How to deserialize classes in Psych?

How to deserialize in Psych to return an existing object, such as a class object?

To do a class serialization, I can do

require "psych" class Class yaml_tag 'class' def encode_with coder coder.represent_scalar 'class', name end end yaml_string = Psych.dump(String) # => "--- !<class> String\n...\n" 

but if I try to do Psych.load on this, I will get an anonymous class, not a String class.

The usual method is to deserialize Object#init_with(coder) , but this only changes the state of the existing anonymous class, whereas I want the String class.

Psych::Visitors::ToRuby#visit_Psych_Nodes_Scalar(o) has cases where, instead of modifying existing objects with init_with they ensure that the correct object is created first (for example, calling Complex(o.value) to deserialize a complex number), but I'm not sure. I think I should defuse this method.

Am I doomed to work with a low level or level of radiation, or am I missing something?

Background

I will talk about the project, why it needs classes and why (De) serialization.

Project

The Small Eigen Collider aims to create random tasks to run Ruby. The original goal was to see if different Ruby implementations (e.g. Rubinius and JRuby) returned the same results, the same random tasks, but I found that it was also good for detecting the segfault paths of Rubinius and YARV.

Each task consists of the following:

 receiver.send(method_name, *parameters, &block) 

where receiver is a random object, and method_name is the name of a randomly selected method, and *parameters is an array of randomly selected objects. &block not very random - it is basically equivalent to {|o| o.inspect} {|o| o.inspect} .

For example, if the receiver was "a", the method name was: casecmp and the parameters were ["b"], then you will call

 "a".send(:casecmp, "b") {|x| x.inspect} 

which is equivalent (since the block doesn't matter)

 "a".casecmp("b") 

A small native collider runs this code and registers these inputs and also the return value. In this example, most implementations of Ruby return -1, but at one point, Rubinius returned +1. (I filed this as an error https://github.com/evanphx/rubinius/issues/518 and the Rubinius maintainers fixed the error)

What are classes for?

I want to be able to use class objects in my Small Eigen Collider. They will usually be the receiver, but they can also be one of the options.

For example, I found that one of the ways segfault YARV is to execute

 Thread.kill(nil) 

In this case, the receiver is an object of the Thread class, and the parameters are [Zero]. (Bug report: http://redmine.ruby-lang.org/issues/show/4367 )
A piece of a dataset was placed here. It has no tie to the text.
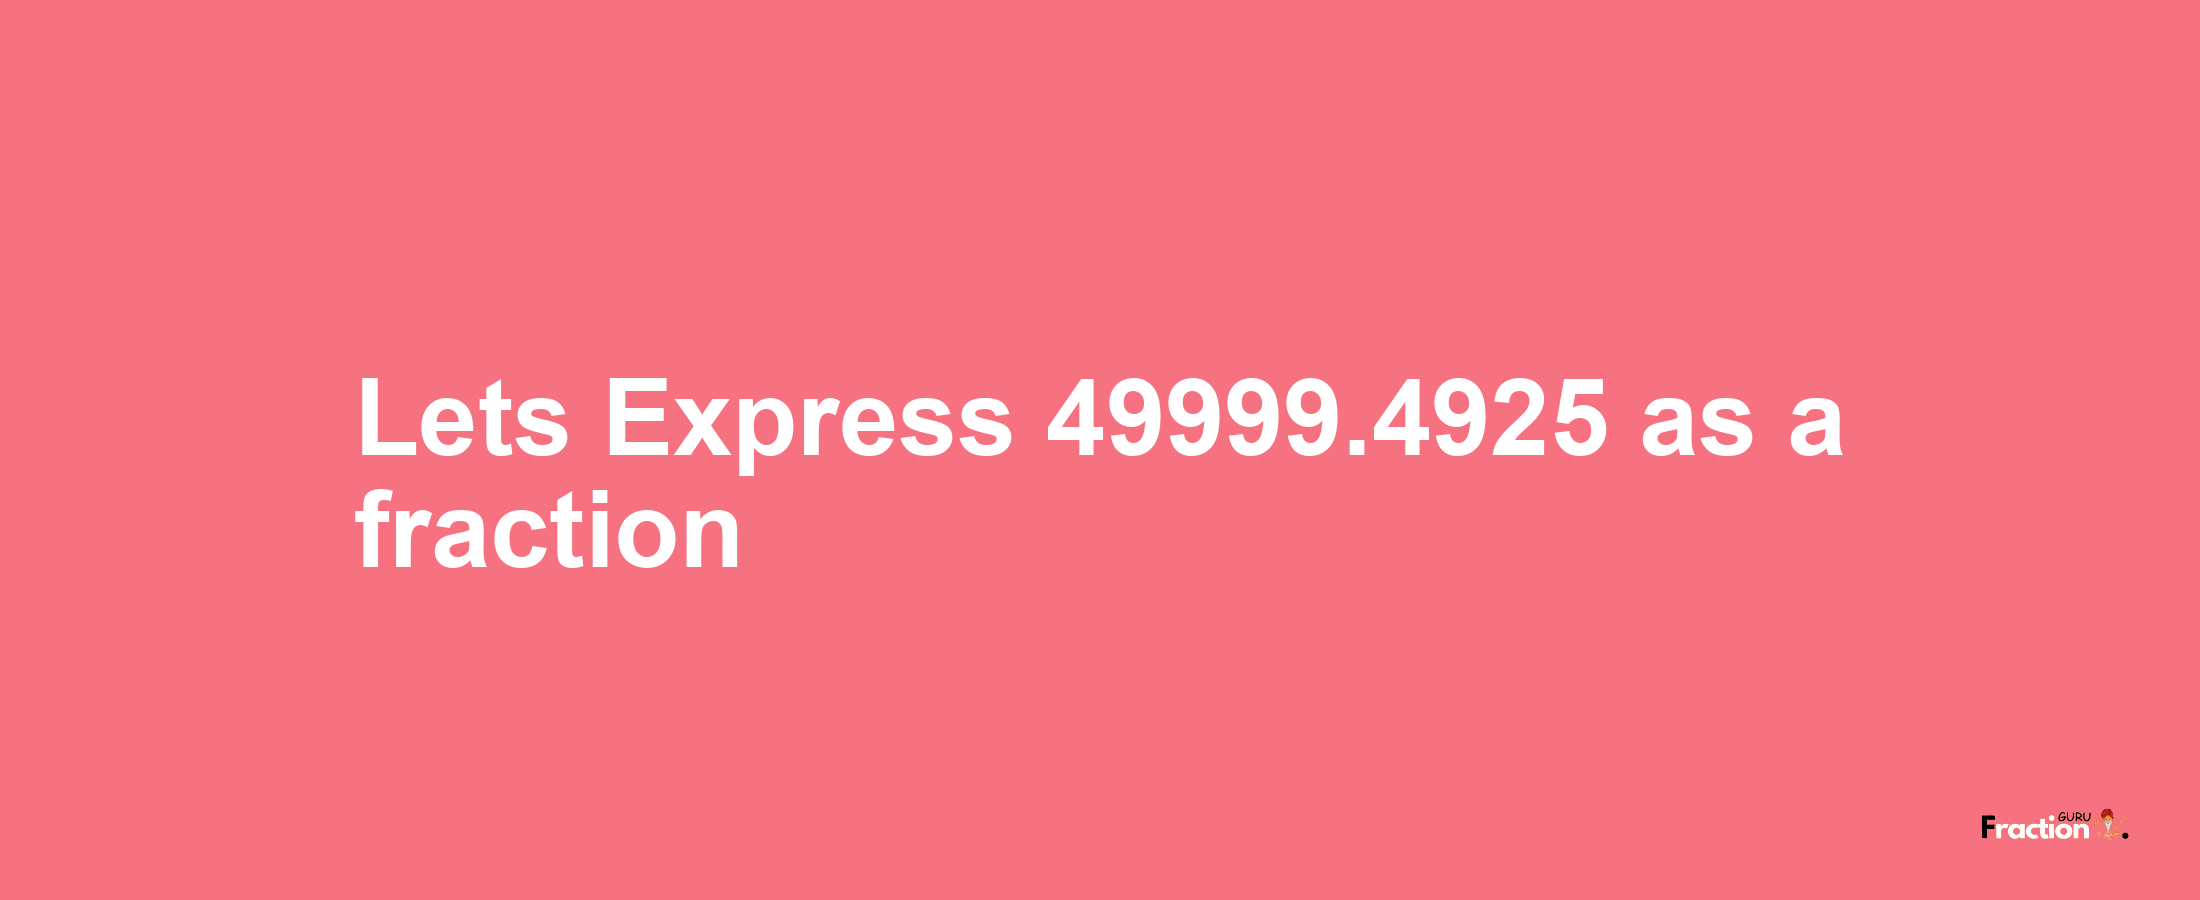 Lets Express 49999.4925 as afraction

Why serialization is needed (de)

Small Eigen Collider needs serialization for several reasons.

One of them is to use a random number generator to generate a number of random tasks each time not practical. JRuby has another built-in random number generator, so even with a given PRNG seed it gives YARV different tasks. Instead, I create a list of random tasks once (the first ruby ​​run of bin / small_eigen_collider), first serialize the task list to .yml tasks, and then subsequent launches of the program (using various Ruby implementations) reads the file in this tasks.yml to get task list.

Another reason I need serialization is because I want to be able to edit the task list. If I have a long list of tasks that lead to a segmentation error, I want to reduce the list to the minimum required to cause a segmentation error. For example, with the following error https://github.com/evanphx/rubinius/issues/643 ,

 ObjectSpace.undefine_finalizer(:symbol) 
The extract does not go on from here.